Answering safety questions
Alan H. DeCherney, MD, currently an infertility researcher at the National Institutes of Health, started Yale University’s IVF program at around the same time Dr. Marrs and the Joneses were starting theirs. Yale already had a large infertility practice, and only academic centers had the laboratory resources and skilled staff needed to attempt IVF in those years.
In 1983, when Yale announced the birth of its first IVF baby – the fifth in the United States – Dr. DeCherney was starting to think about measuring outcomes, as there was concern over the potential for congenital anomalies related to IVF. “This was such a change in the way conception occurred, people were afraid that all kinds of crazy things would happen,” he said.
One concern was about ovarian stimulation with fertility drugs or gonadotropins. The earliest efforts – including by Dr. Steptoe and Dr. Edwards – used no drugs, instead trying to pinpoint the moment of natural egg release by measuring a woman’s hormone levels constantly, but these proved disappointing. Use of clomiphene citrate and human menopausal gonadotropin allowed for more control over timing, and for multiple mature eggs to be harvested at once.
But there were still many unanswered questions related to these agents’ safety and dosing, both for women and for babies.
When the NIH refused to fund a study of IVF outcomes, Dr. DeCherney and Dr. Marrs collaborated on a registry funded by a gonadotropin maker. “The drug company didn’t want to be associated with some terrible abnormal outcomes,” Dr. DeCherney recalled, though by then, “there were 10, maybe even 20 babies around the world, and they seemed to be fine,” he said.
The first registry results affirmed no changes in the rate of congenital abnormalities. (Larger, more recent studies have shown a small but significant elevation in birth defect risk associated with IVF.) A few years later, ovarian stimulation was adjusted to correspond with ovarian reserve, reducing the risk of ovarian hyperstimulation syndrome.

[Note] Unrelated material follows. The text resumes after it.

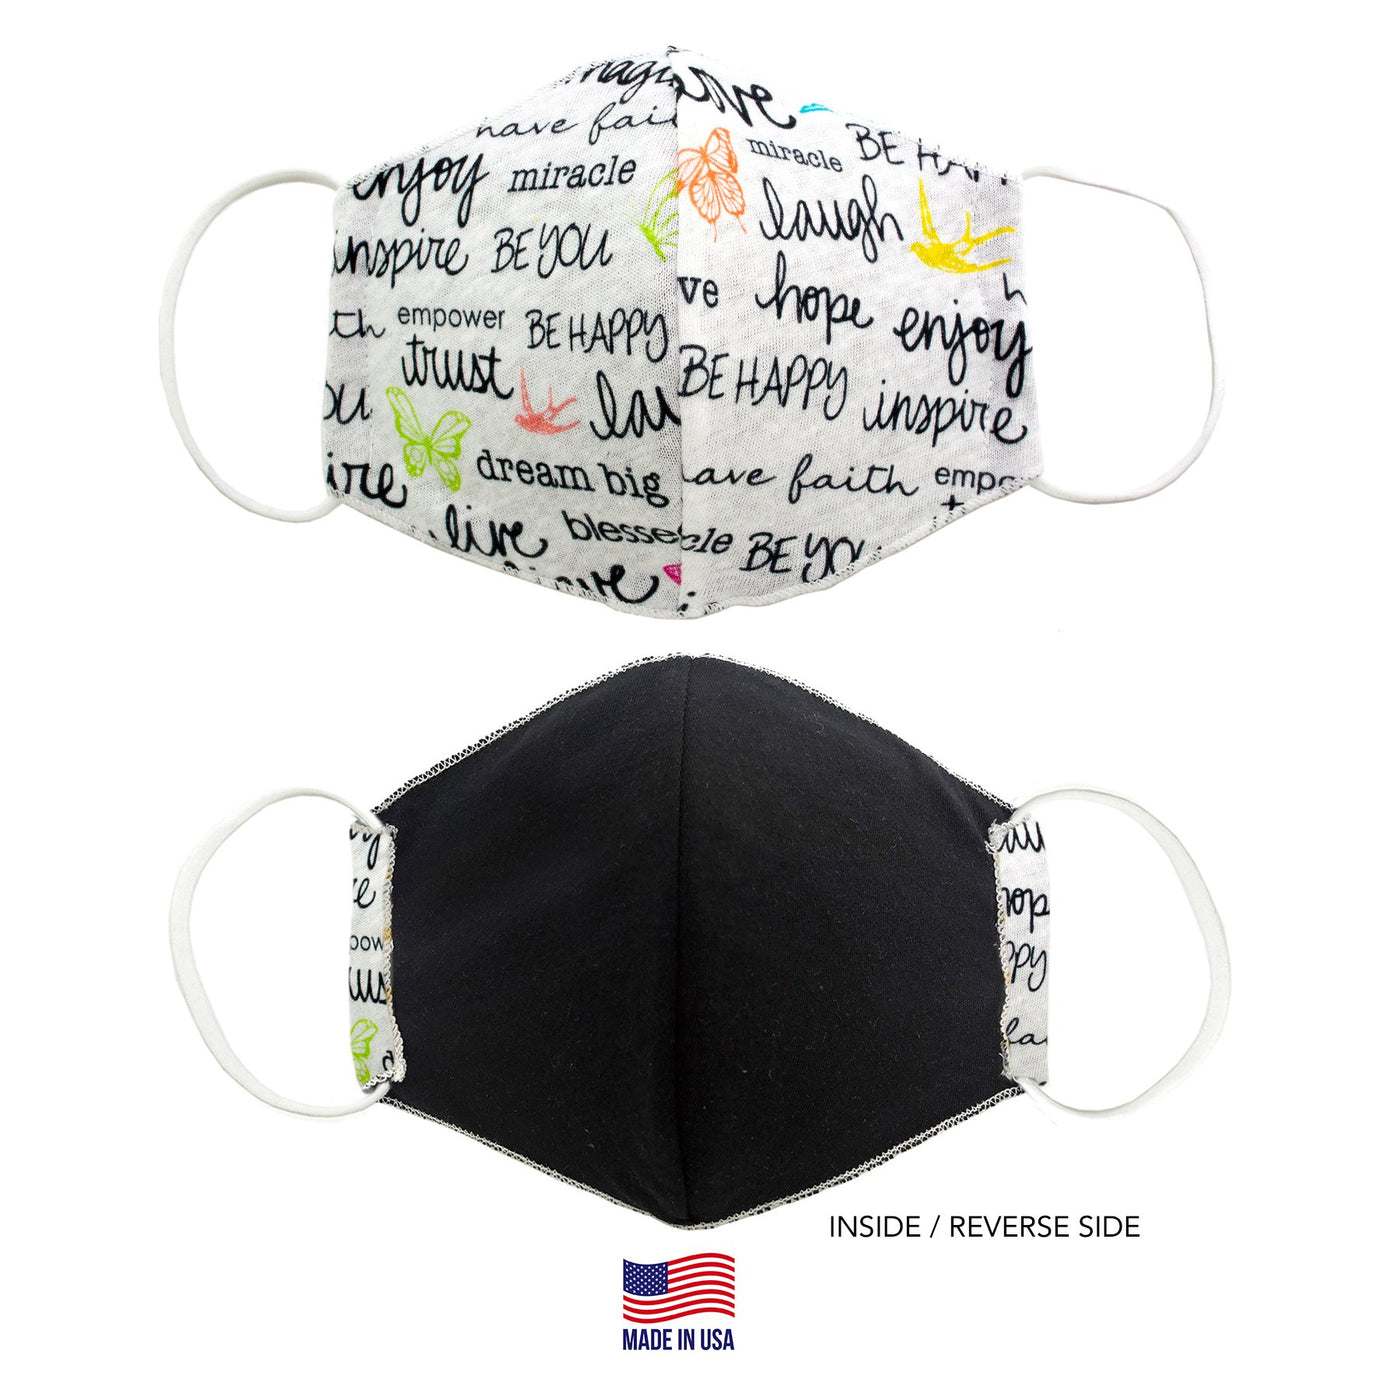 100% COTTON MADE IN THE USA VERSES WHITE 3D FABRIC FACE MASK

But even by the late 1980s, success rates for IVF per attempted cycle were still low overall, leading many critics, even within the profession, to accuse practitioners of misleading couples. Charles E. Miller, MD, an infertility specialist in Chicago, recalled an early investigation by a major newspaper “that looked at all the IVF clinics in Chicago and found the chances of having a baby was under 3%.”

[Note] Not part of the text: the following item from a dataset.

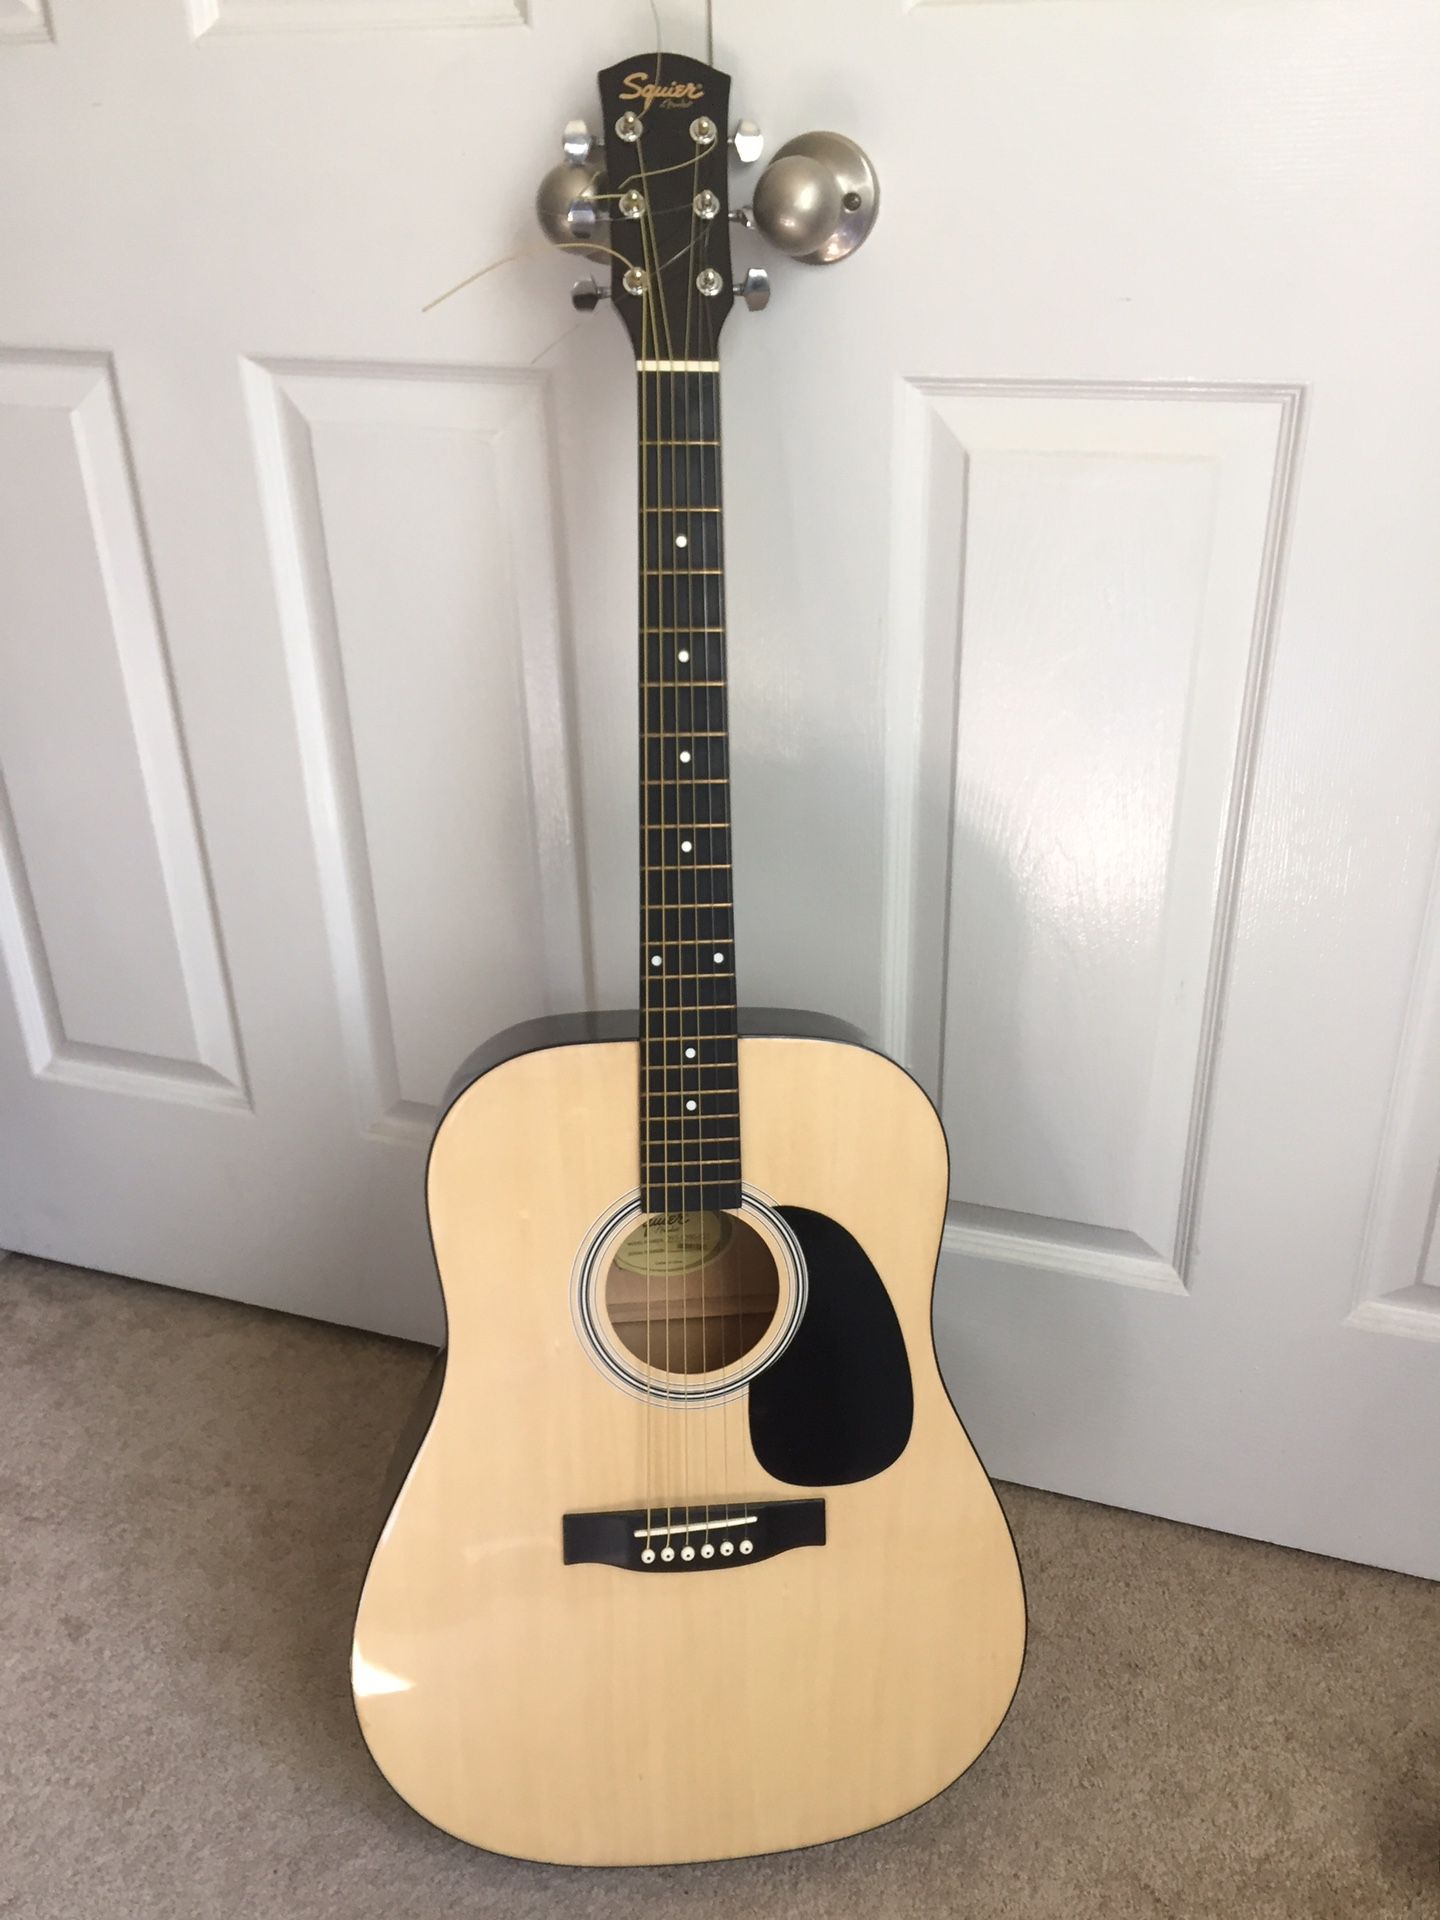 Squire acoustic guitar w/gig bag

It was true, Dr. Miller acknowledged – “the rates were dismal. But remember that IVF at the time was still considered a procedure of last resort.” Complex diagnostic testing to determine the cause of infertility, surgery, and fertility drugs all came first.
Some important innovations would soon change that and turn IVF into a mainstay of infertility treatment that could help women not only with damaged tubes but also with ovarian failure, low ovarian reserve, or dense pelvic adhesions. Even some types of male factor infertility would find an answer in IVF, by way of intracytoplasmic sperm transfer.
Eggs without surgery
Laparoscopic egg retrieval was the norm in the first decade of IVF. “We went through the belly button, allowing us to directly visualize the ovary and see whether ovulation had already occurred or we had to retrieve it by introducing a needle into the follicle,” Dr. Rosenwaks recalled.
“Some of us were doing 6 or even 10 laparoscopies a day, and it was physically quite challenging,” he said. “There were no video screens in those days. You had to bend over the scope.” And it was worse still for patients, who had to endure multiple surgeries.
Though egg and embryo cryopreservation were already being worked on, it would be years before these techniques were optimized, giving women more chances from a single retrieval of oocytes.
Finding a less invasive means of retrieving eggs was crucial.
Maria Bustillo, MD, an infertility specialist in Miami, recalled being criticized by peers when she and her then-colleagues at the Genetics & IVF Institute in Fairfax, Va., began retrieving eggs via a needle placed in the vagina, using abdominal ultrasound as a guide.
While the technique was far less invasive than laparoscopy, “we were doing it semi-blindly, and were told it was dangerous,” Dr. Bustillo said.
But these freehand ultrasound retrievals paved the way for what would become a revolutionary advance – the vaginal ultrasound probe, which by the end of the 1980s made nonsurgical extraction of eggs the norm.
Dr. Marrs recalled receiving a prototype of a vaginal ultrasound probe, in the mid-1980s, and finding patients unwilling to use it, except one who relented only because she had an empty bladder. Abdominal ultrasonography required a full bladder to work.
“It was as though somebody had removed the cloud cover,” he said. “I couldn’t believe it. I could see everything: her ovaries, tiny follicles, the uterus.”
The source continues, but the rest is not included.